Getting the best of both worlds

 

July 23, 2018

Asia Pacific has always been a region made up of many sub-regions. Greater China, Southeast Asia, North Asia and the Oceania, all of which encompasses unique market nuances and business culture. Whilst cyclical economic impact deals an occasional blow to these markets, one could agree dynamic growth is one common characteristic cutting across the Asian economies. Riding the growth trend, corporates are rapidly expanding their market share in the region especially in key countries such as Myanmar, Cambodia, Vietnam and Philippines. The same corporates are also venturing further away from the tier one cities in the likes of China and India where huge opportunities reside. Such demand has undeniably fueled massive requirements for business travel and meetings both domestically and internationally.

Compared to the Americas and European markets, consolidated travel and meeting programs in Asia Pacific have been somewhat blooming at a later stage. Both programs seems to take on two parallel routes never to meet. However, change being the only constant, industry players are seeing a major shift in the Asian markets within the last couple of years. Travel and procurement specialists are increasingly seeing the benefits of consolidation as opposed to isolation. Stricter compliance, higher cost leverage, stronger customer service and greater alignment with strategic objectives have been the driver of such integration.

The call for greater ease and streamlining of processes and systems in booking transient travel or meetings have never been bigger.

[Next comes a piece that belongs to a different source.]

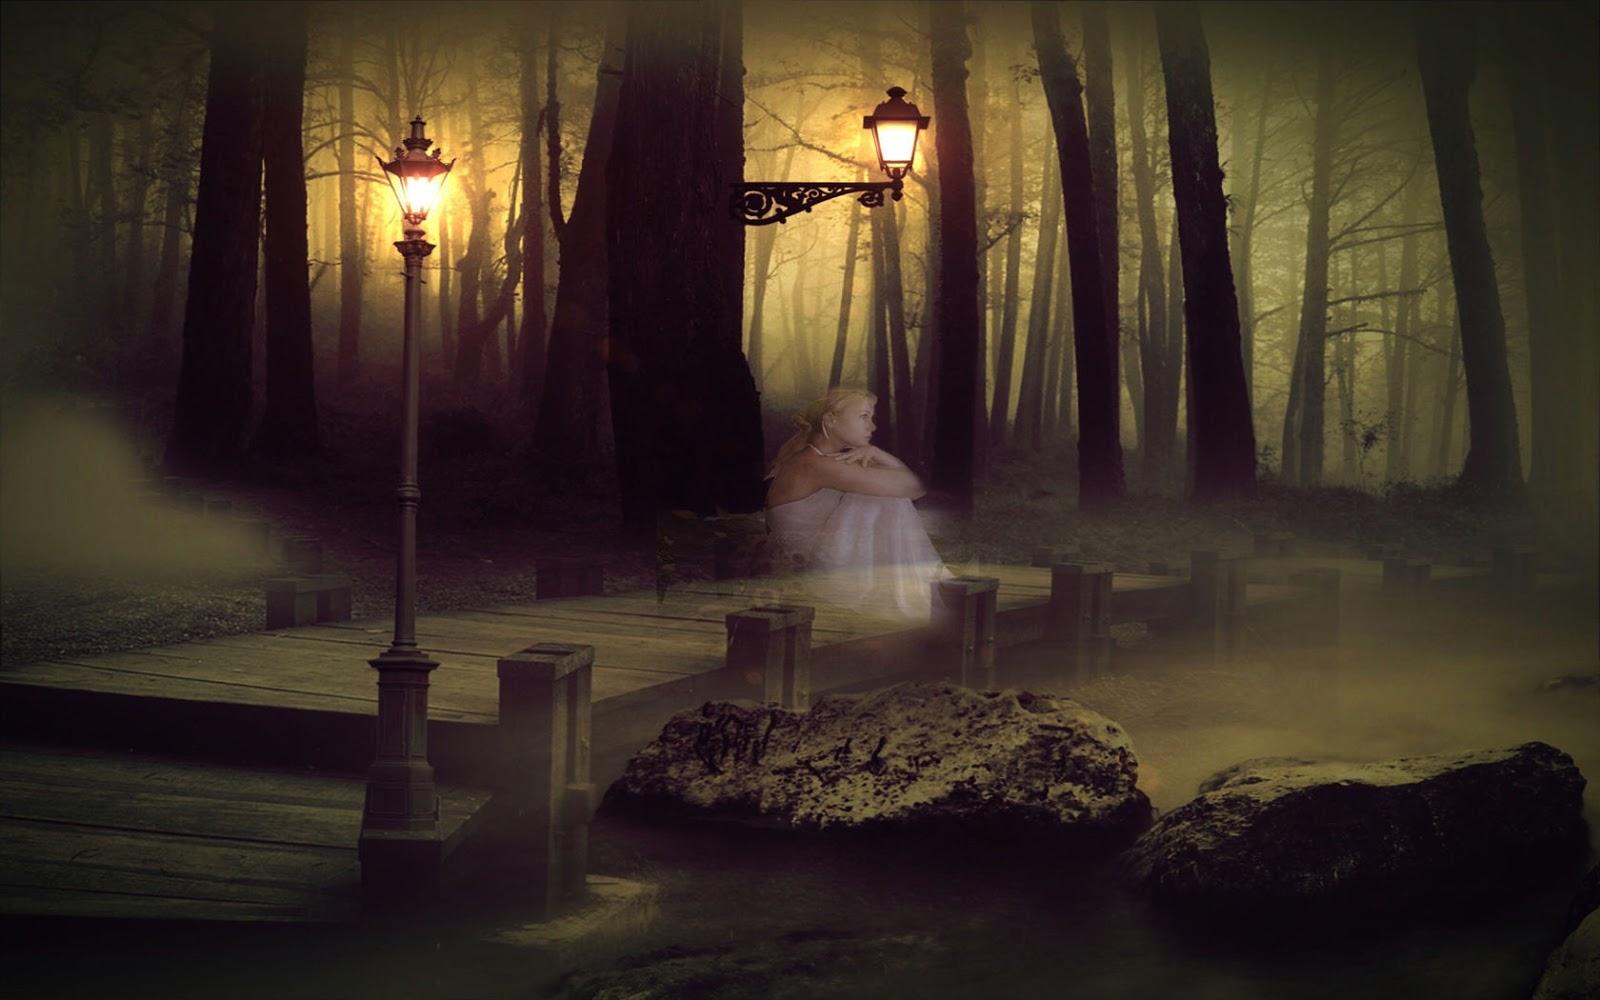 Halloween Tumblr Backgrounds 2014 by ibjennyjenny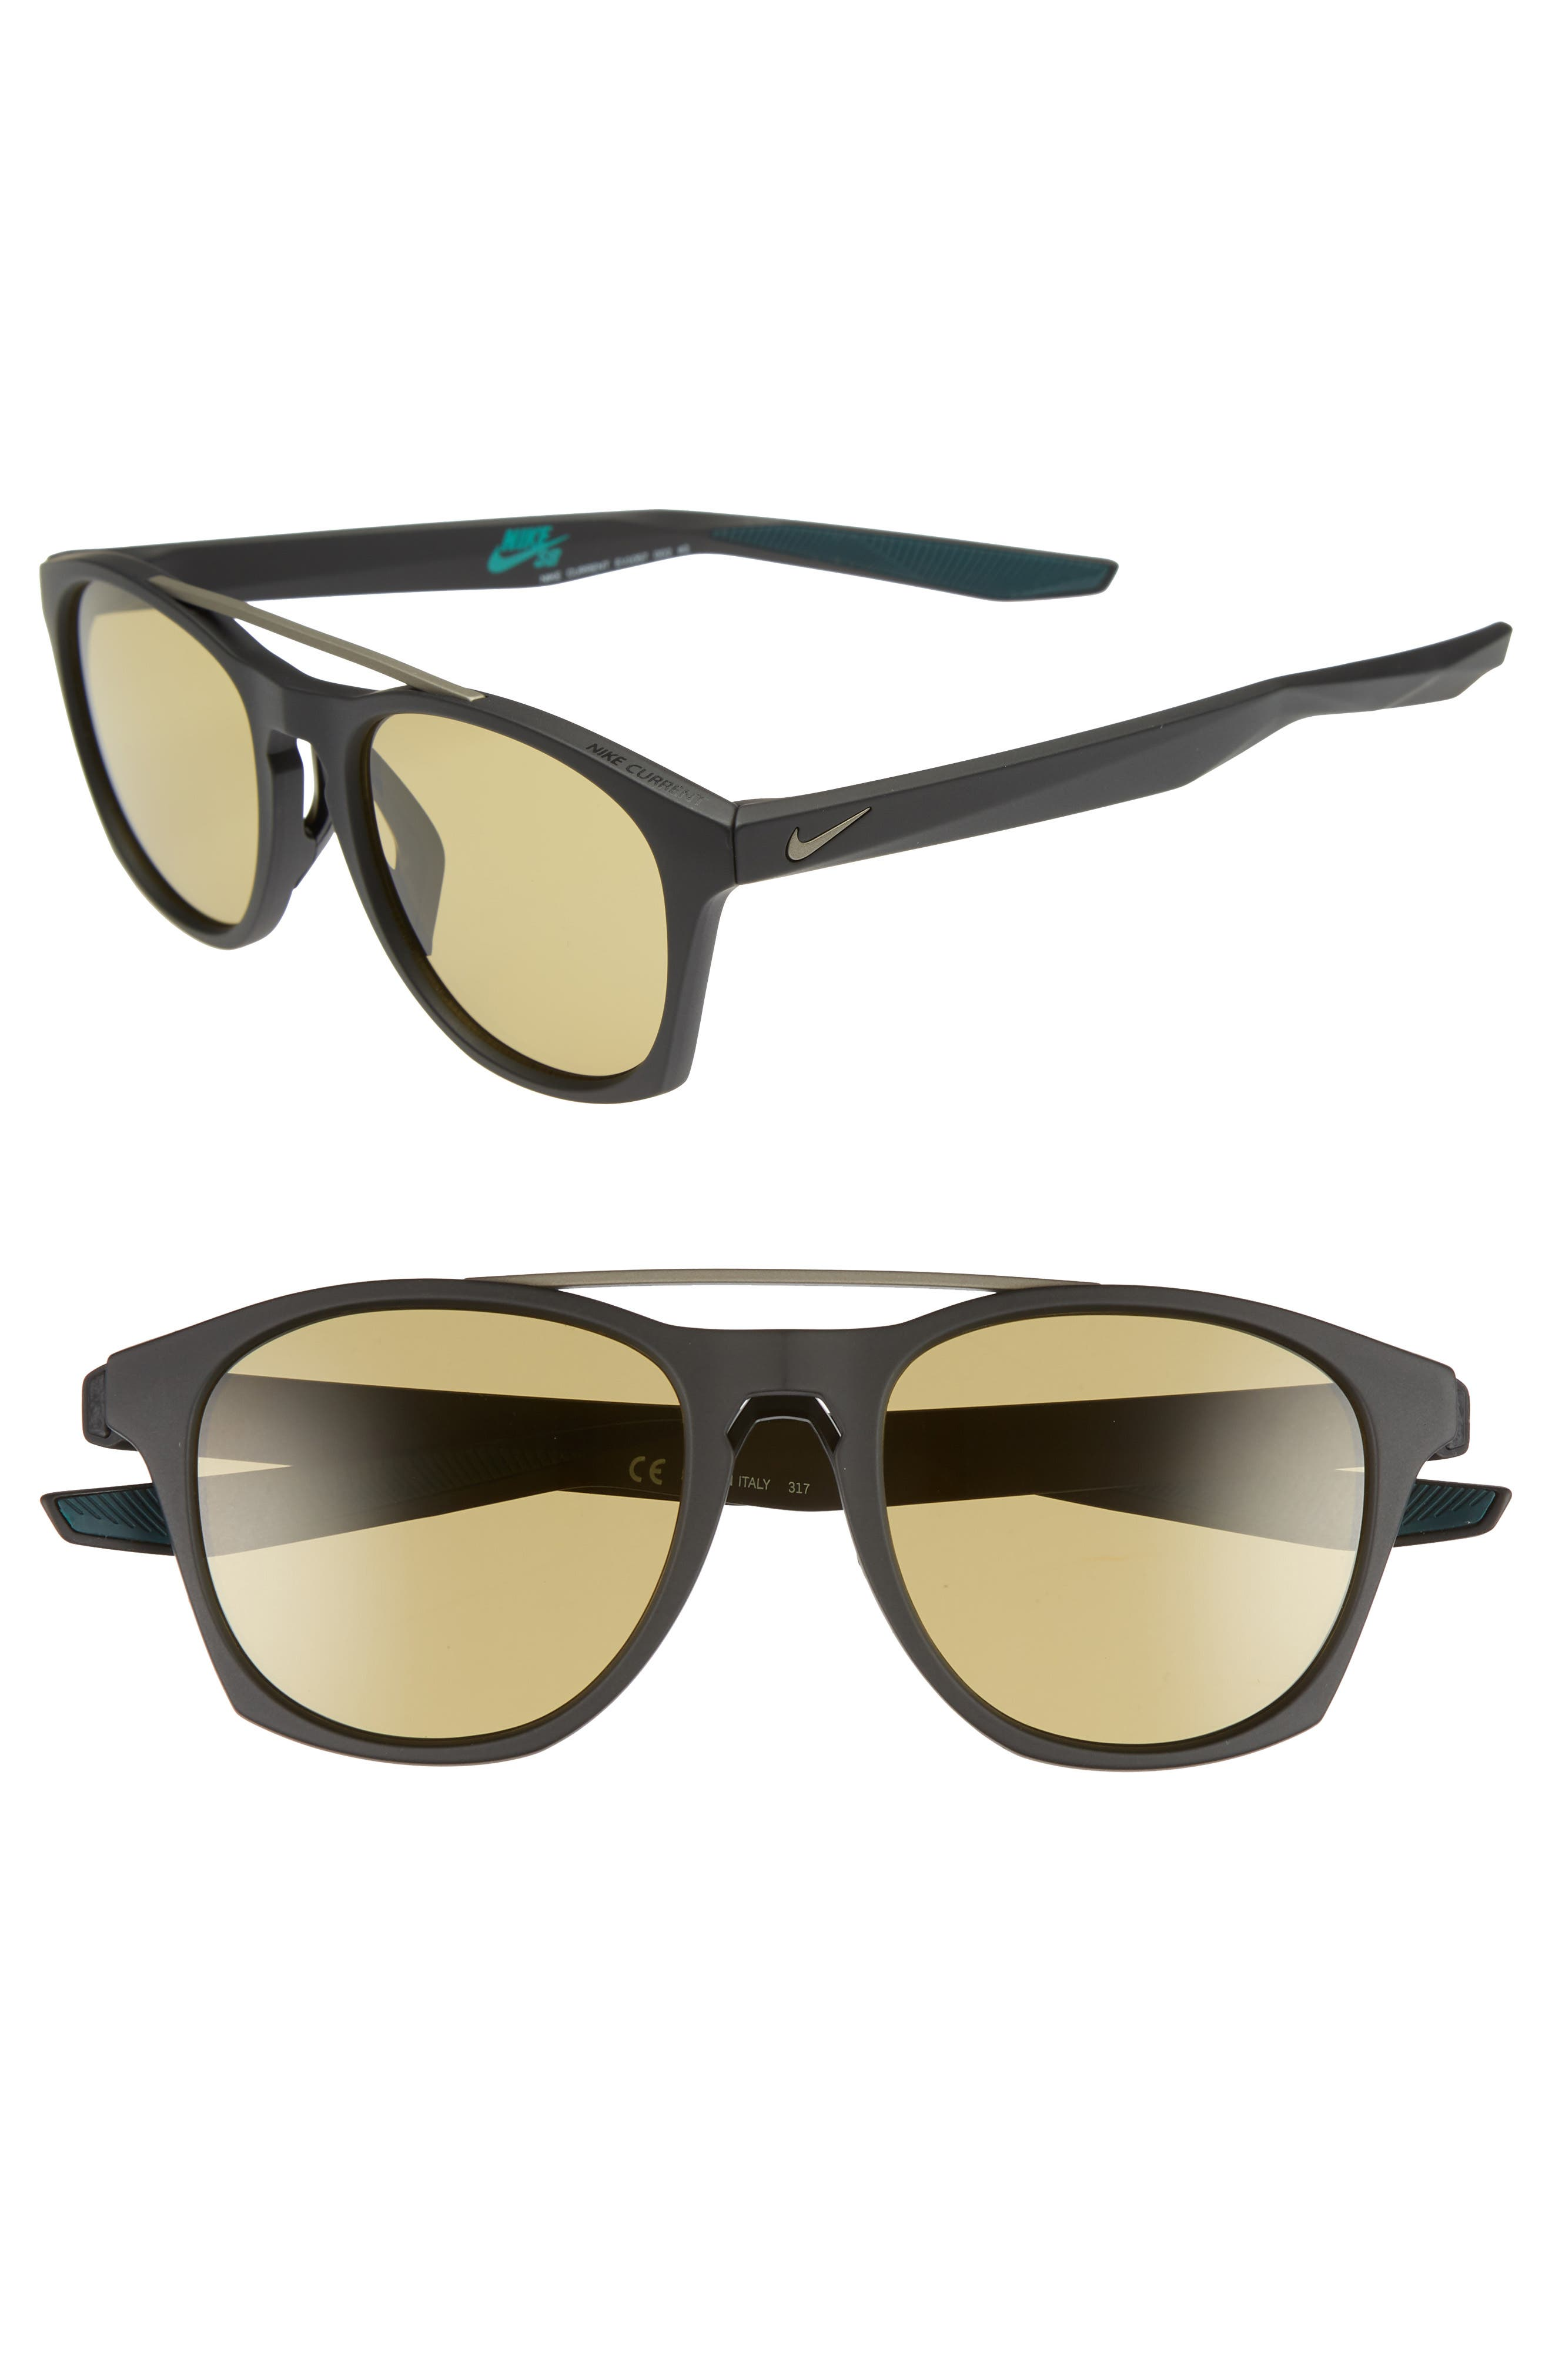 Nike Current 51Mm Sunglasses - Matte Black/ Pewter/ Amber

Increasing spend and volume ‘leakages’ as a result of the fragmentation in both programs have also been a longstanding concern in the procurement community. Finally, the lack of combined visibility across travel and meeting spend data gives consolidation a final push especially in key Asian markets with significant volumes such as China and India. The ability to achieve visibility and strategically leverage on key spend data becomes the driving force pushing towards consolidation. In many Asia Pacific markets, the obstacle to program integration can be largely attributed to factors such as; corporate inertia, lack of executive sponsorship, stakeholder resistance, perceived absence of suitable technology, or quite simply, not knowing where and how to commence.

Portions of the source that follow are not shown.